Using this iterative process does come with it's challenges. For each iteration, our goal is to find the intersections of each function if there are any. These intersections represent possible point sources, but since our signal data is never 100% perfect or continuous, we generally can't get one intersection for all functions. So our solution is to use a custom gradient function to minimize the area covered by the polygon created by connecting the intersections. The reason we need to create a customized function is that each case varies in how the intersections approach the point. The case below shows a point source slightly away from the center. We can see that the distance visualised from the left microphones are smaller than the right microphones, since each circle's size is proportional to the time taken for the sound to travel. This results in the intersections between the top-left and bottom-left microphones to take longer to appear in the room compare to the other intersections. This effect is exagerrated more when the sources are closer to the walls and it required more careful iteration to get to our source. Overiteration was also a problem, if we accidently iterated over our source location, we would get extra intersections that aren't physically possible. The customisability of our own naive gradient function gave us the ability to work around these problems while also giving us the option to account for errors by a microphone or even accounting for additional microphones.
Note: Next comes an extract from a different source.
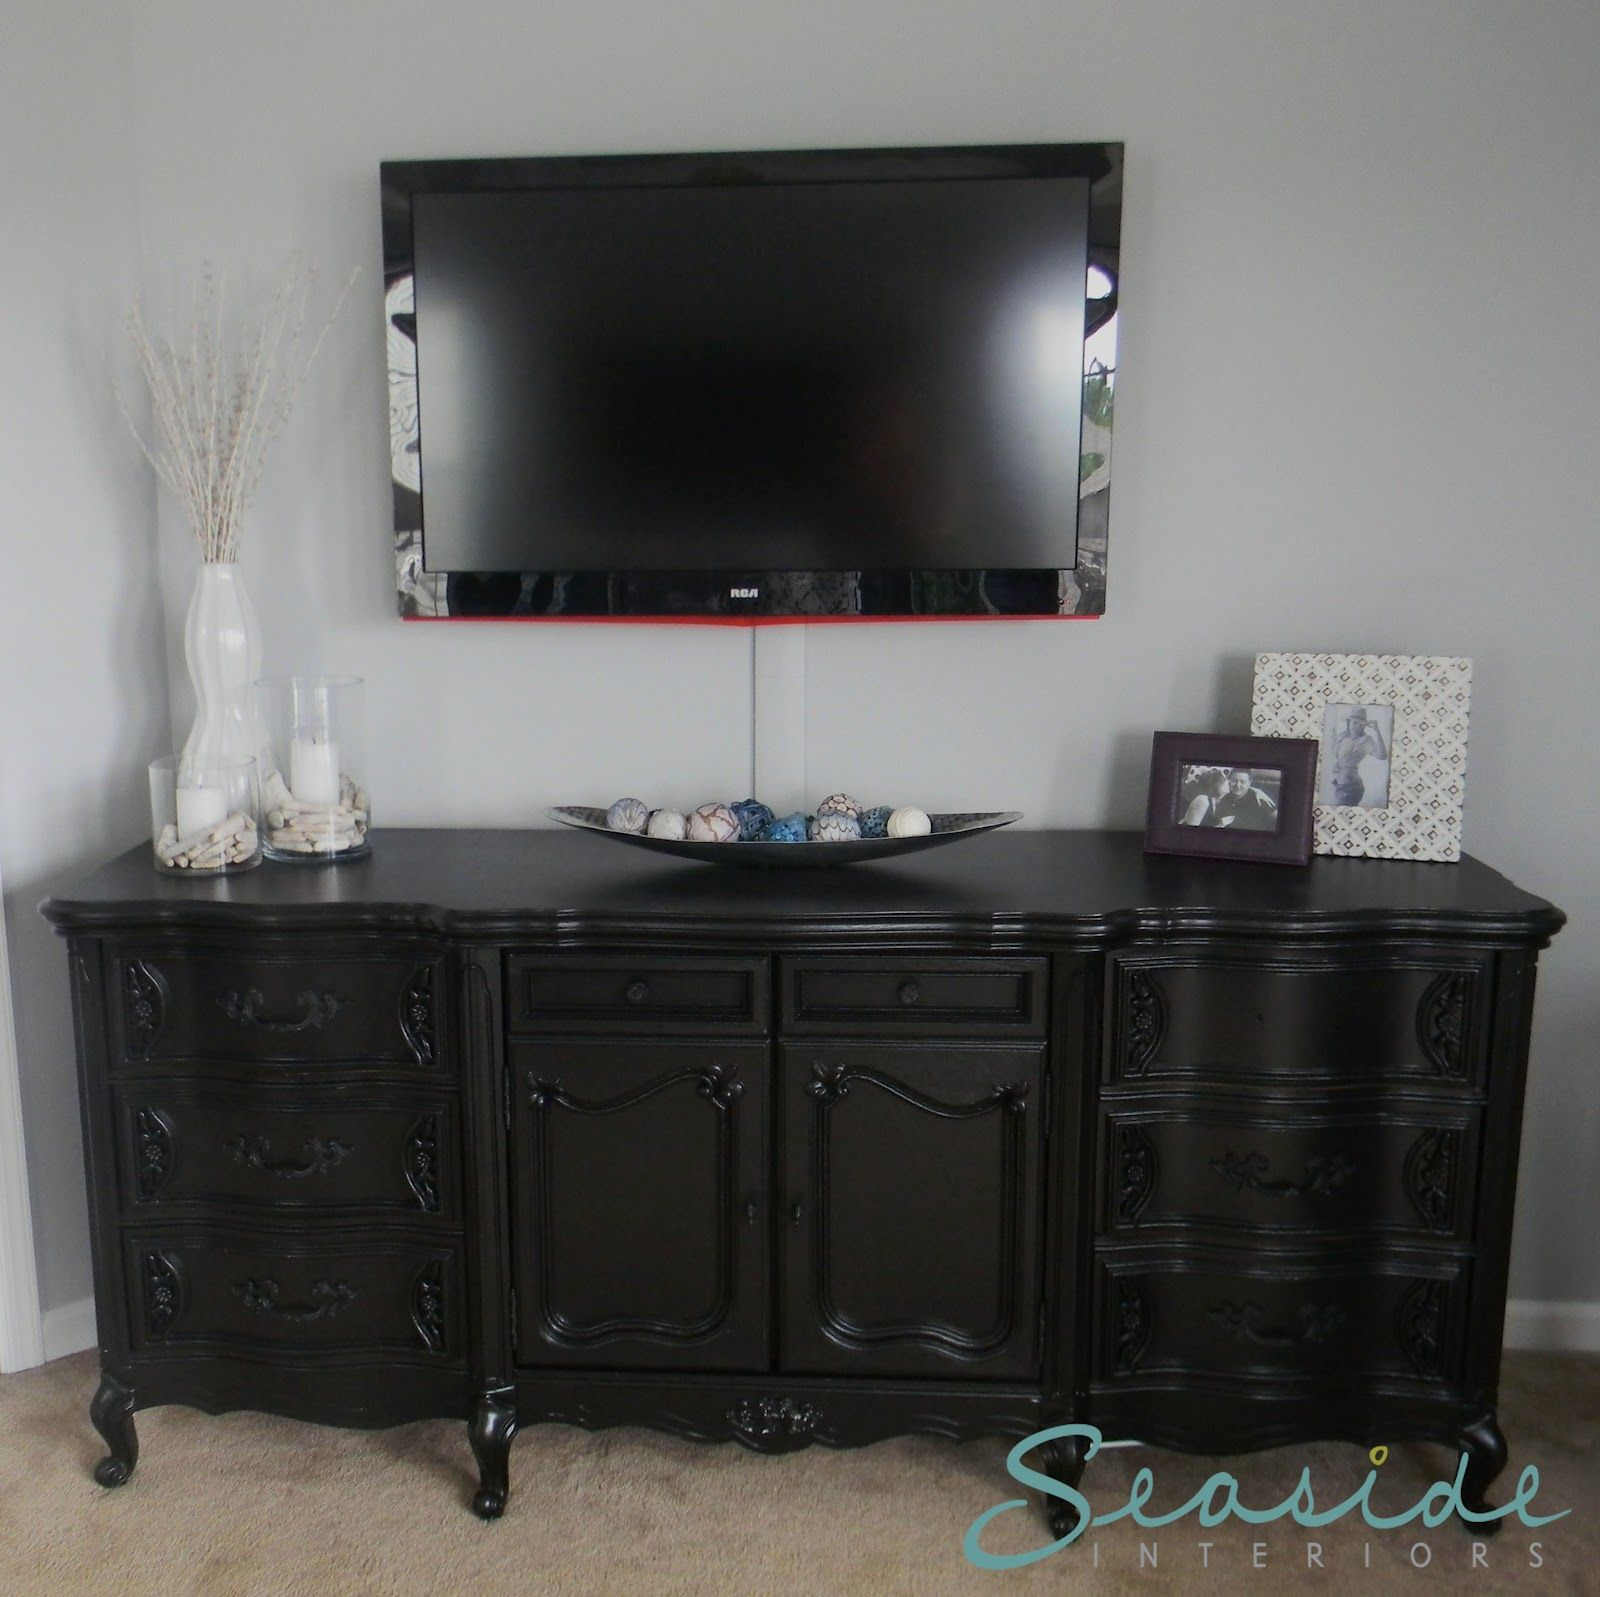 tv mounted above dresser | Home Sweet: Home | Pinterest ...

We were able to localize all sources within approximately a 0.1 x 0.1 m^2 area.

Simulation Tradeoffs

Arguably the biggest decision we made for developing audio source triangulation was using audio simulation software instead of actual hardware. By choosing a simulated environment, we are deciding not to take into account possible issues we would face when transitioning to hardware. However for the scope of this project, using simulations was definitely worth it, because it allowed for repeated testing and the development of a functional triangulation method without having to worry about the physical elements. Nevertheless, when considering next steps in our work, it is important to at least perform occasional tests with hardware as our backend functionality progresses, so that we can address critical issues as they come. We can perform these tests as we progress with topics that are listed below.

Future Considerations

Losing Our Assumptions -

A large portion of future work will involve addressing issues regarding our assumptions, so that we can expand into working in more realistic environments.

  • Reverb is additional noise that comes from echoes in our environment and it is the most important real world effect we need to take into account.
  • There are many music production packages we can work with to digitally remove reverb, such as Zynaptiq Unveil and iZotope RX 6 De-Reverb.
  • Physical interference is our next problem, this involves the blocking of sound waves by large objects that are close to the floor, like furniture.
  • An easy fix to this is simply adding microphones to cover the entire room without interference and accounting for this in our software.
  • Noise produced by either people or electronics like speakers or TV's are another important consideration.
  • We can place microphones closer to the sources we want to disregard, then we can remove this from the signal that our floor mics are tracking.
  • Tracking moving sources is another useful functionality we can implement.
  • For sources with predictable movement (bouncing balls), we can anticpate locations using a physics simulation, for less predictable objects, ML.
  • Physical Environment
  • As previously mentioned, transitioning to testing with hardware in real environments as we add functionality is critical.

Expanding our Analysis -

While dealing with the issues with constrained environments, we can also expand on the algorithms and tools we use after we have obtained our signals. This involves creating custom algorithms to more appropriately track our errors, using Fourier Analysis to isolate our desired audio sources, and even incorporating Machine Learning in our triangulation methods. Our ultimate goals are to localize an audio source in any situation without any constraints on conditions and without having to customize our algoritms for each individual environment, and as you can see, there are many directions we can take this in!